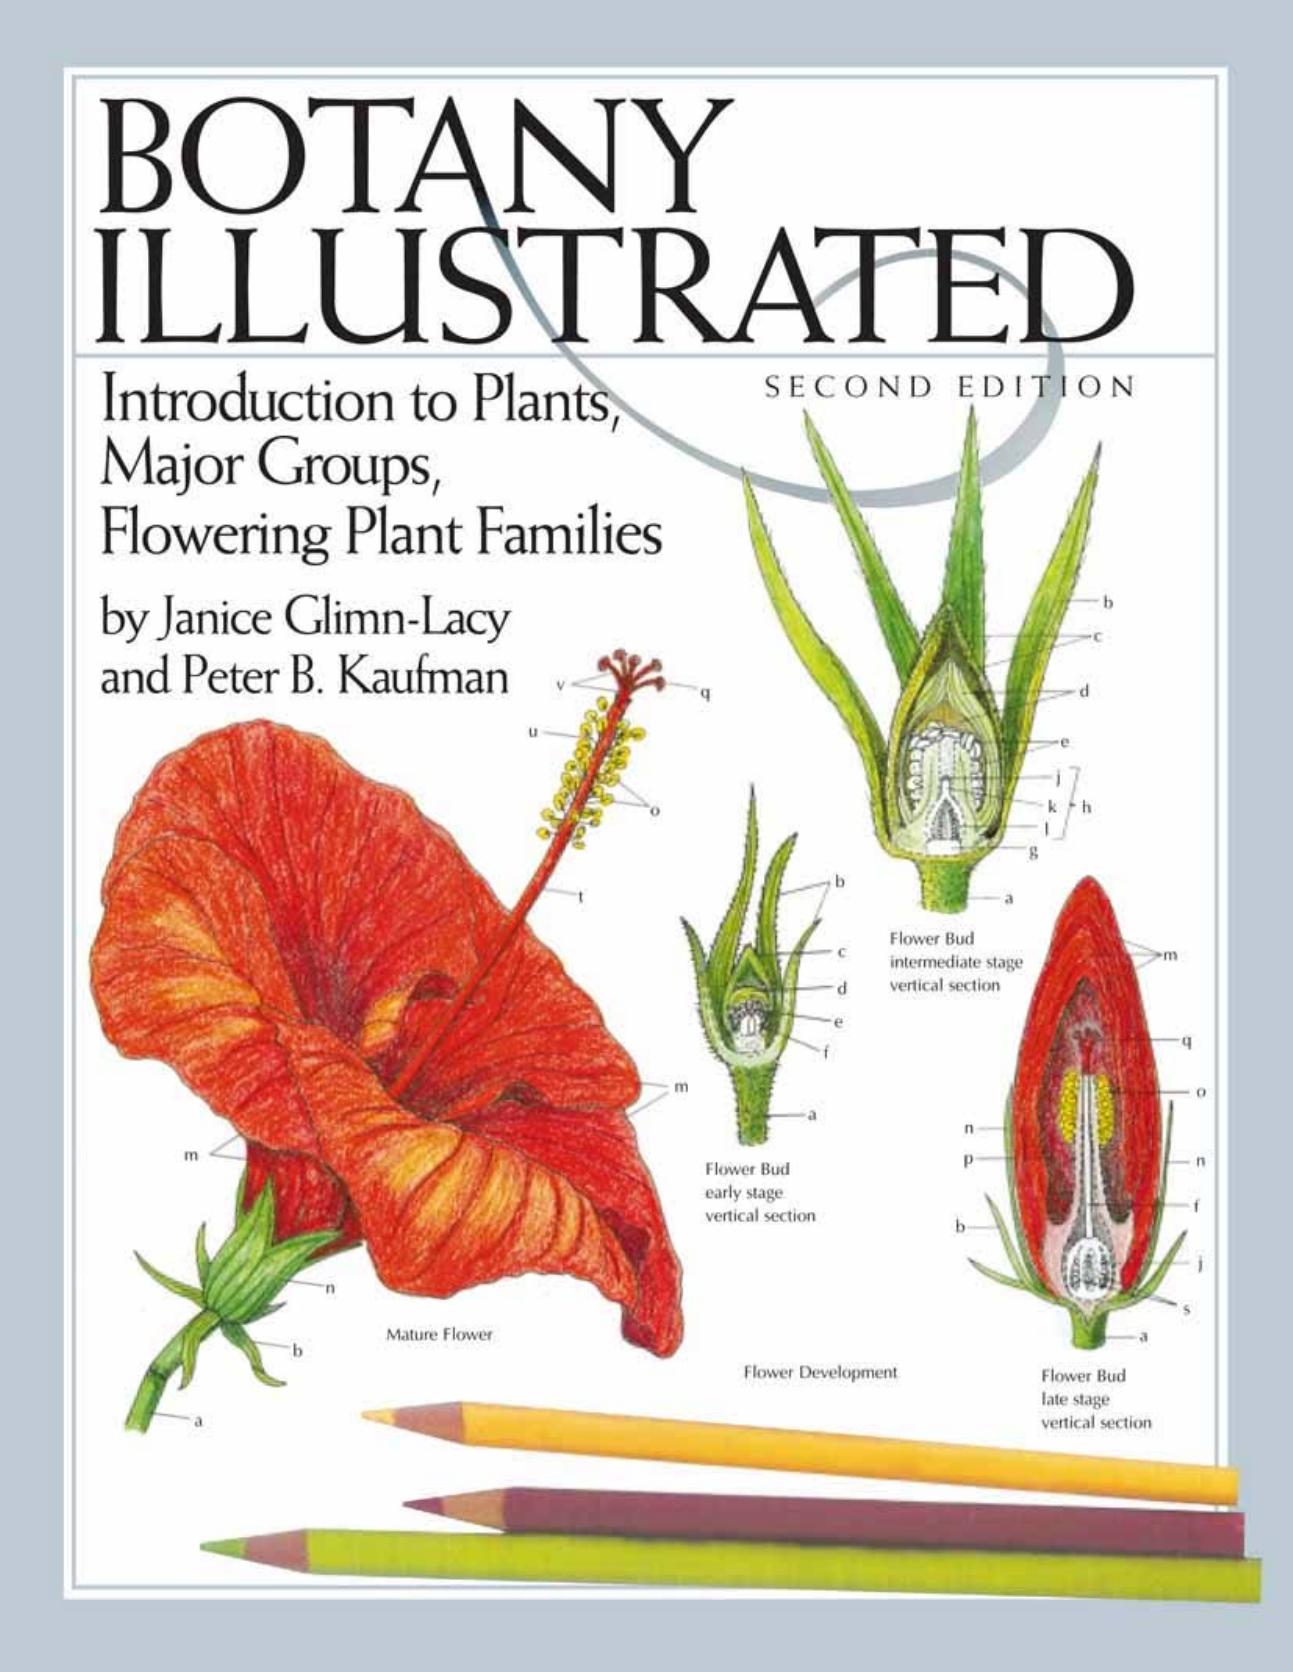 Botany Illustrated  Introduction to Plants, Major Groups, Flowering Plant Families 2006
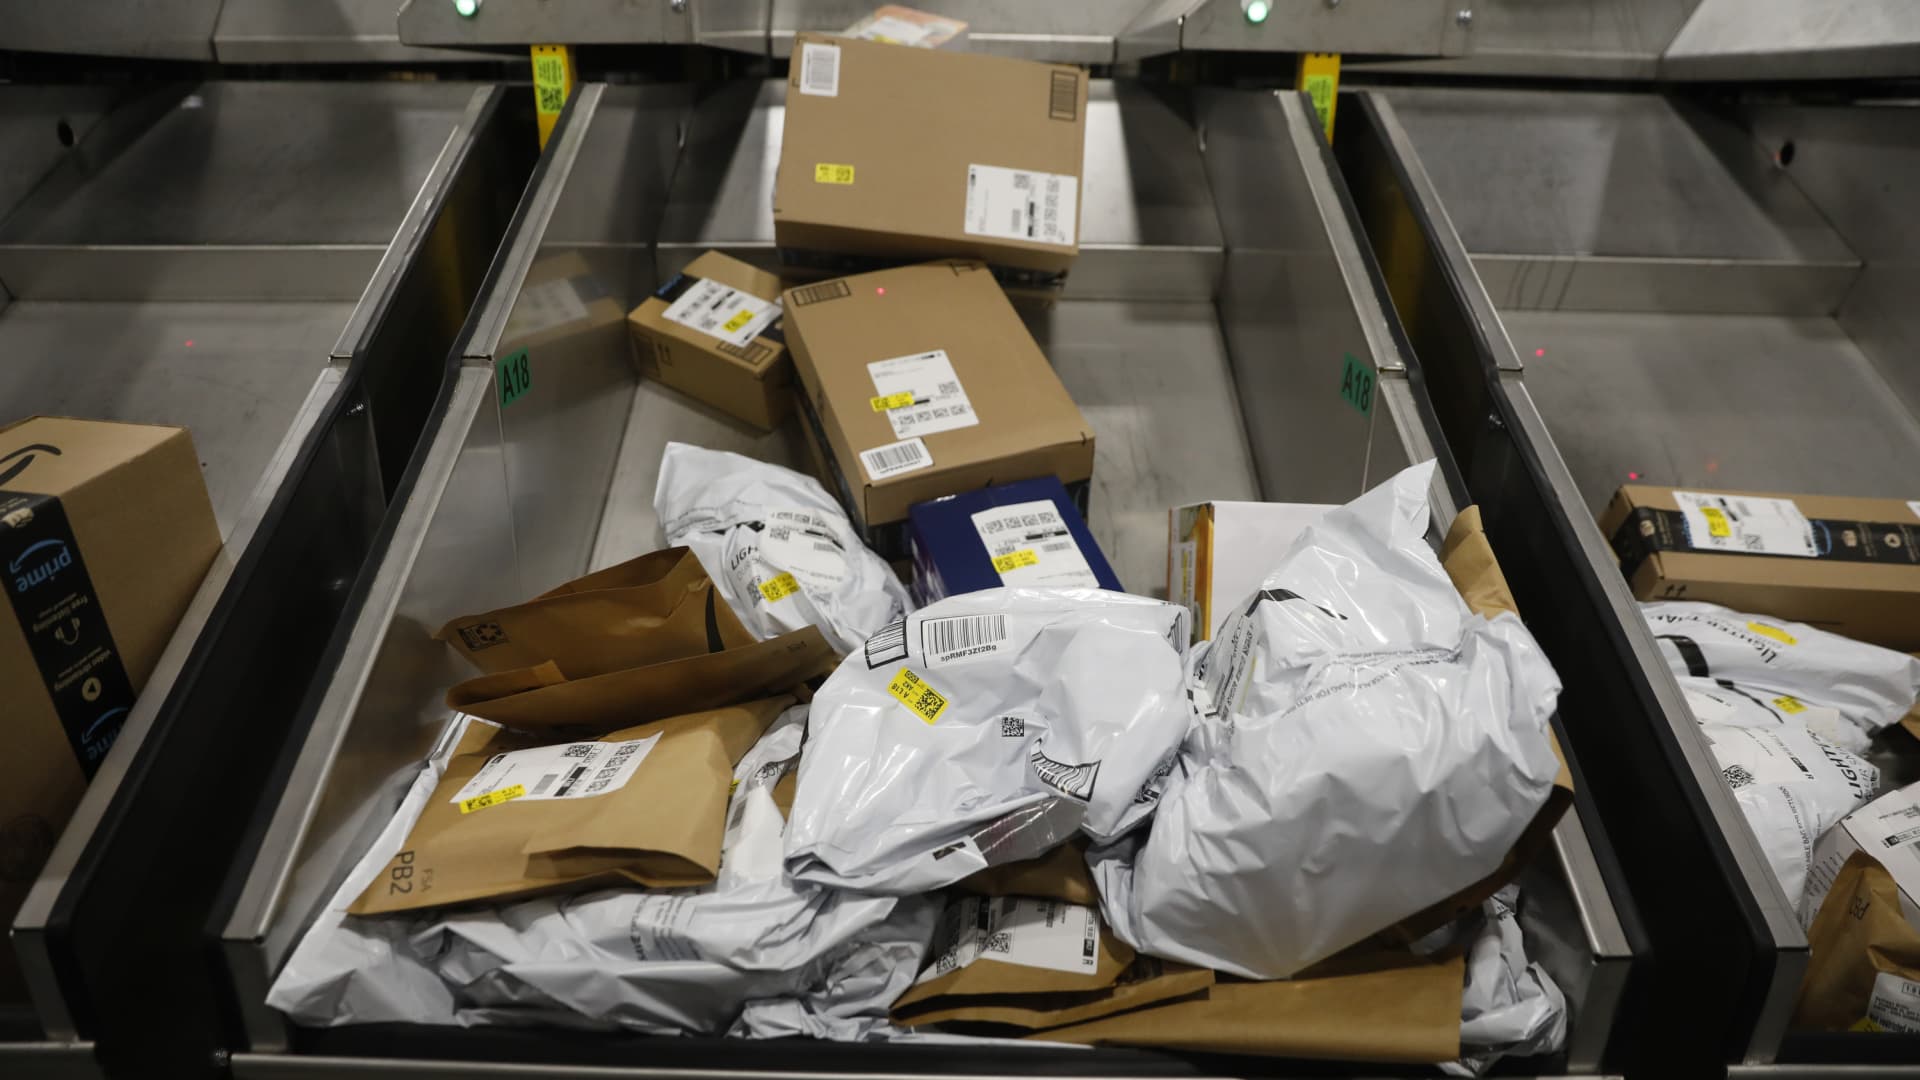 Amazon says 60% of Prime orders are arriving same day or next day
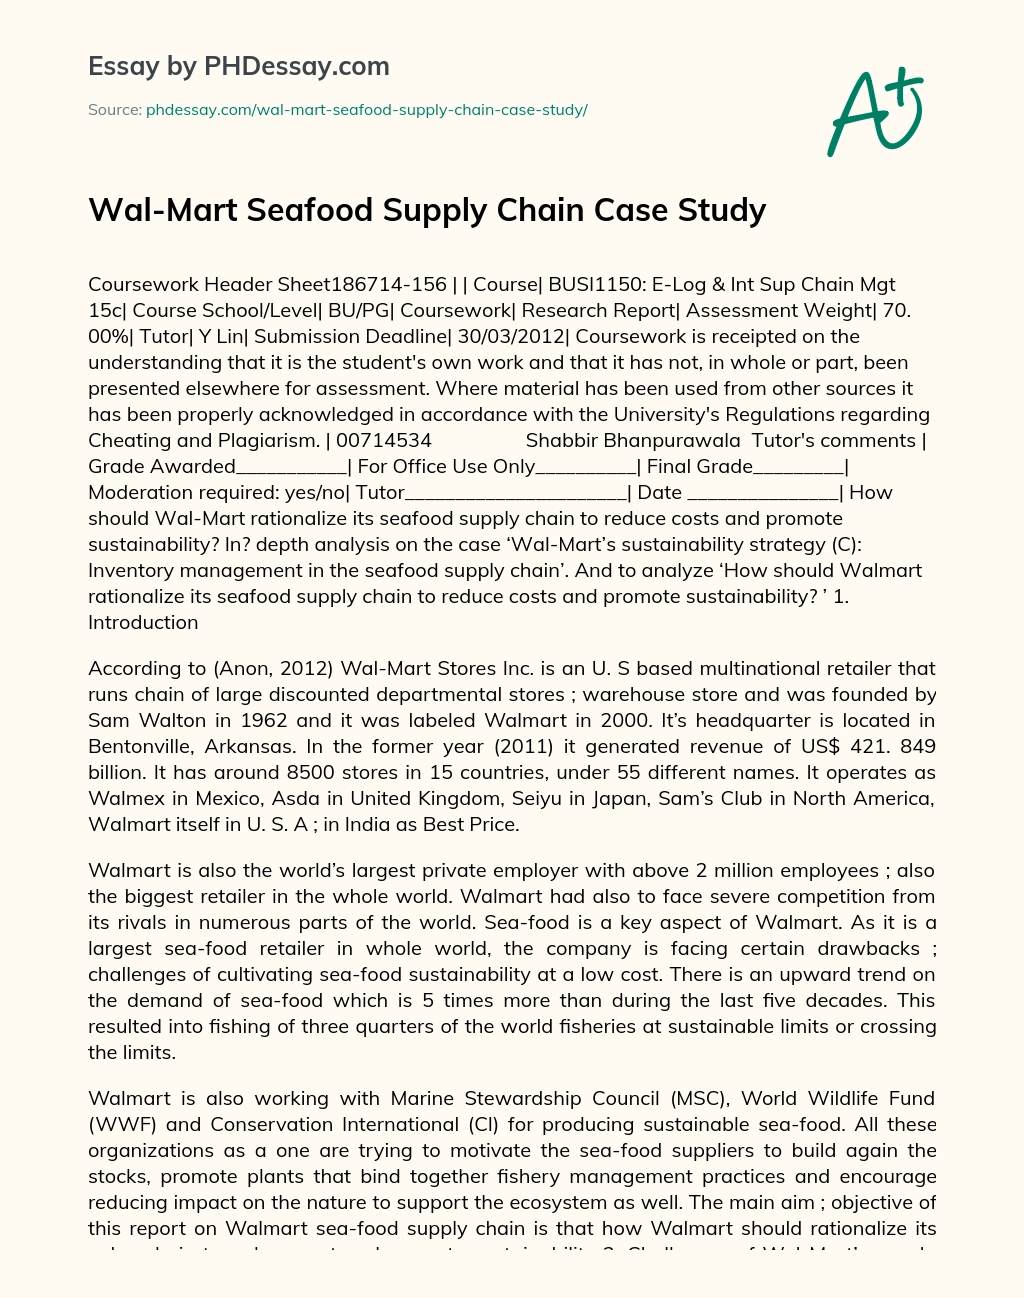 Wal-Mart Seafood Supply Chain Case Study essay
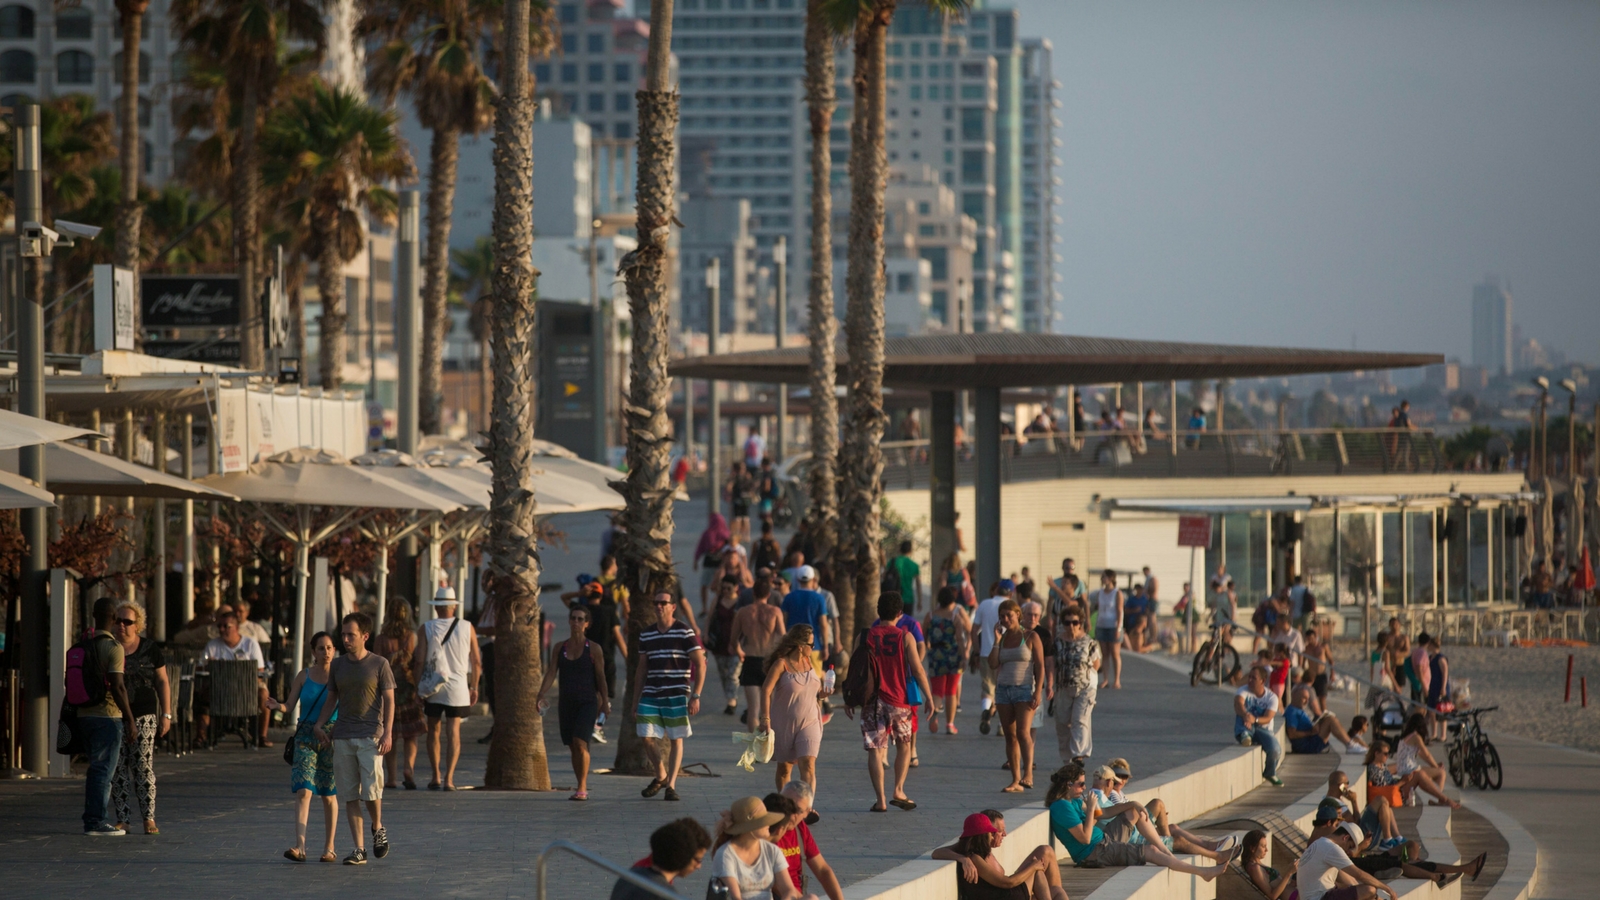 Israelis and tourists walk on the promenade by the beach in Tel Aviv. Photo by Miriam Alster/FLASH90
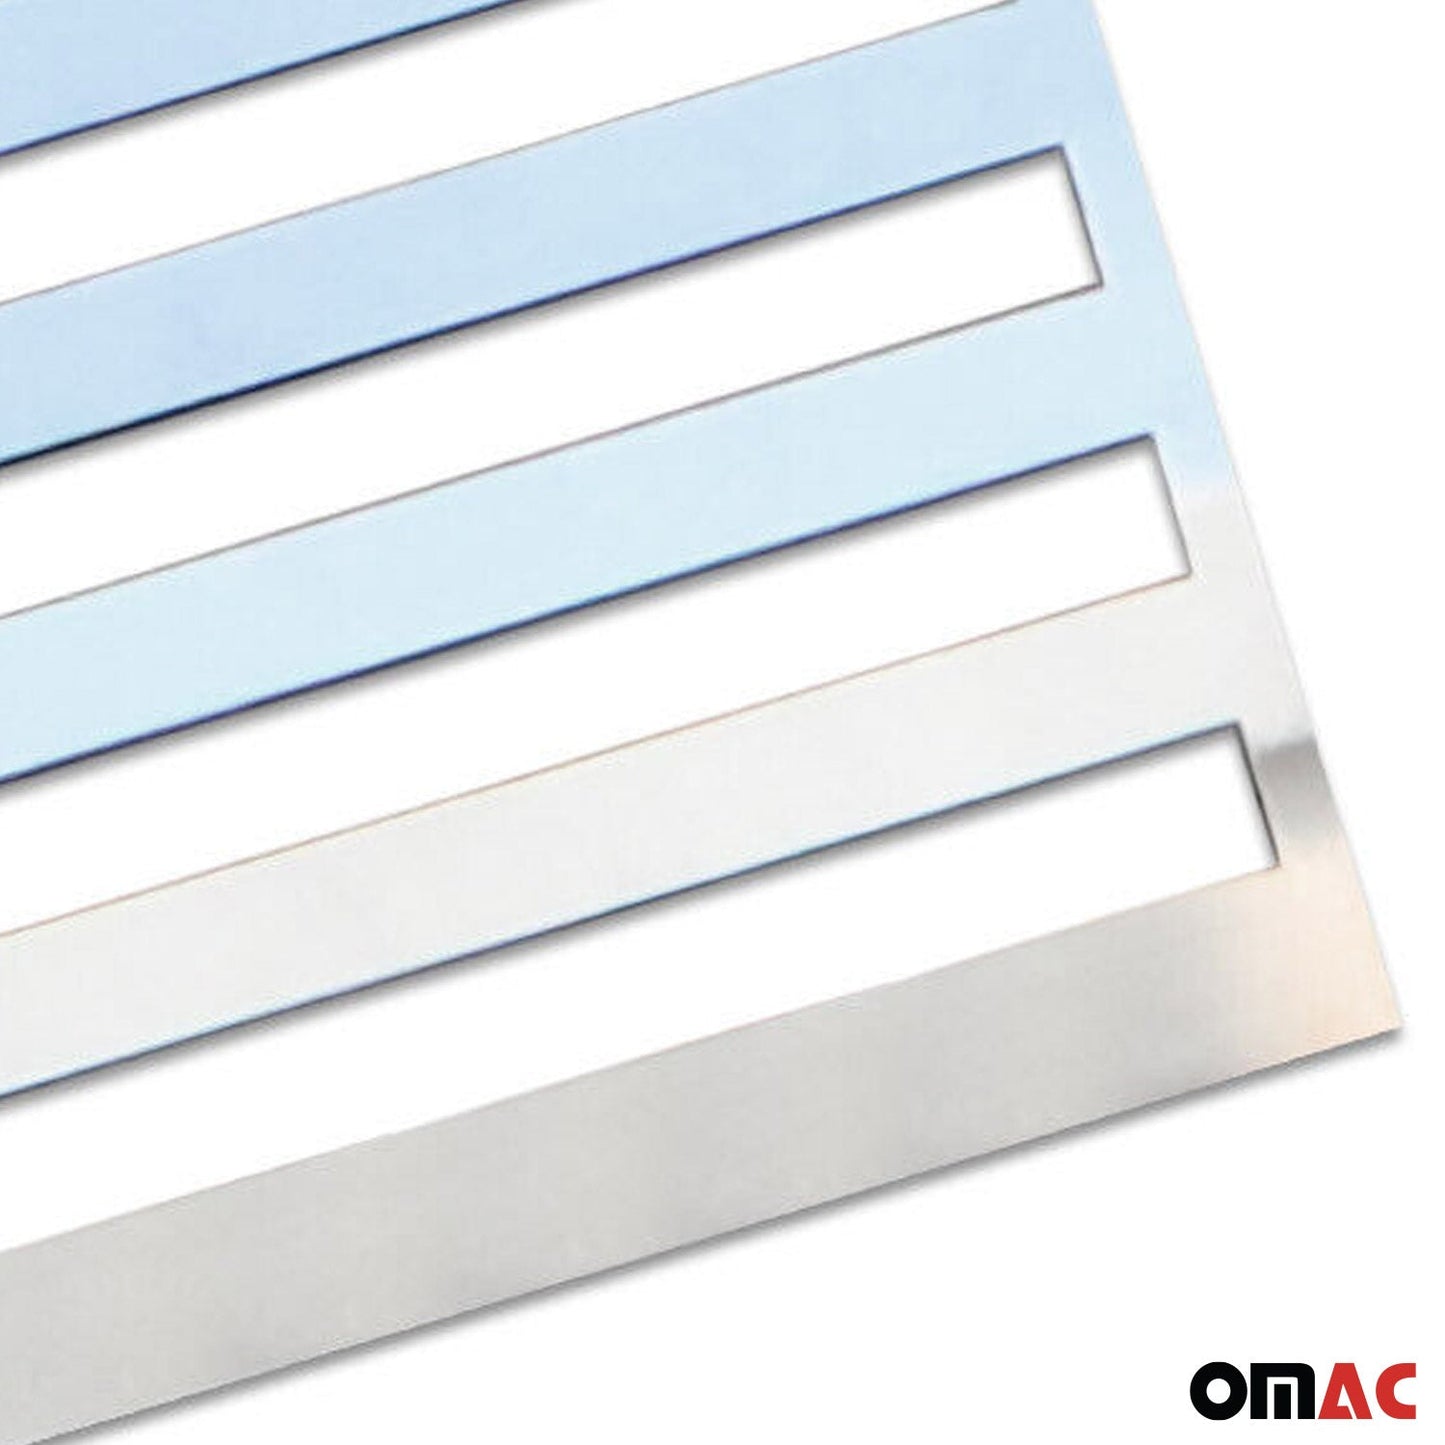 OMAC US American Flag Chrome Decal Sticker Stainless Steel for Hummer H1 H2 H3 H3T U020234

**YOUR GOAL:**
Find the line with "Wal-Mart Seafood Supply". Return it and each line after it through the end of the data, exactly, without pictures.

**RESULT FOR THIS EXERCISE:**
 Wal-Mart Seafood Supply Chain Case Study essay
 Israelis and tourists walk on the promenade by the beach in Tel Aviv. Photo by Miriam Alster/FLASH90
 OMAC US American Flag Chrome Decal Sticker Stainless Steel for Hummer H1 H2 H3 H3T U020234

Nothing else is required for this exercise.